The structure and layout of the heart is used as a transition in order to make the essay even more meaningful to the reader before the conclusion of the essay. Doyle discusses the amount of chambers in the hearts of different animals including: fish, worms, turtles and mollusks. Doyle concludes the fifth paragraph by stating  that all living things have interior liquid motion and that “We all churn inside.”. With analyzation, the reader can realize that all living things have some sort of similarity.

Doyle concludes the essay by discussing the importance of the meaning of love and the complications that are a direct result of love.  In the sixty-third and sixty-fourth line, Doyle wrote “We open windows to each but we live alone in the house of the heart.”. This comparison shows the reader that humans let in others when they love them, but humans still tend to be hesitant and cautious with those that they let in. A few lines later, the essay explains that as humans get older they tend to realize that the concept of finding one person that will unconditionally love you is very unrealistic. In the sixty-ninth line, Doyle wrote “You can brick up your heart as stout and tight and hard and cold and impregnable as you possibly can and down it comes in an instant..”, this shows the reader that time helps heal the wounds that are inflicted from people that they love. Additionally, the final paragraph of the essay helps the reader understand the process of building trust and improving relationships after experiencing heartbreak. 

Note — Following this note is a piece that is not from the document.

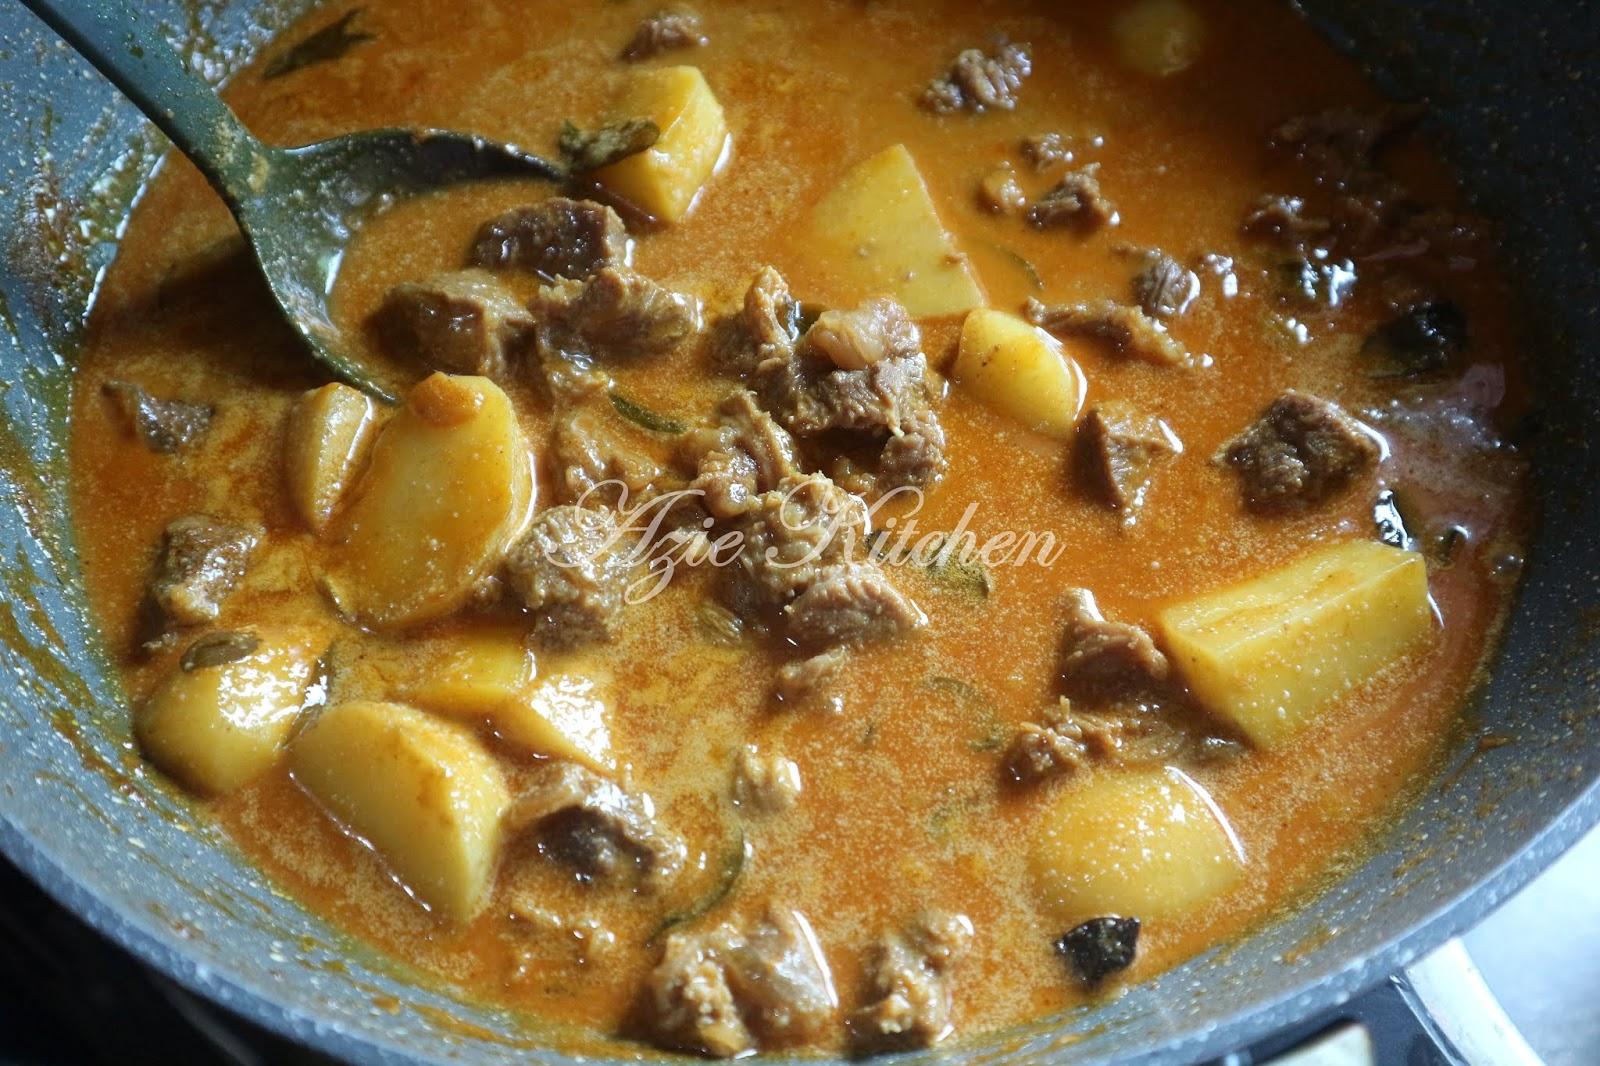 resepi biskut onde onde gula melaka beadwindles Resepi Kuih Suji Azie Kitchen Enak dan Mudah

Throughout Doyle’s essay “Joyas Voladores”, he uses a variety of literary devices in order to push across a message about the similarities in experiences among different animals and humans. Doyle successfully uses unorthodox linguistic choices and this enables his writing to come across with a deeper meaning. Using a variety of different animals, small to big, Doyle is able to assist the reader in understanding messages and concepts about love and experience that engages a broad audience. Undoubtedly, this piece by Brian Doyle provides vivid imagery and illustration towards all aspects involved with love.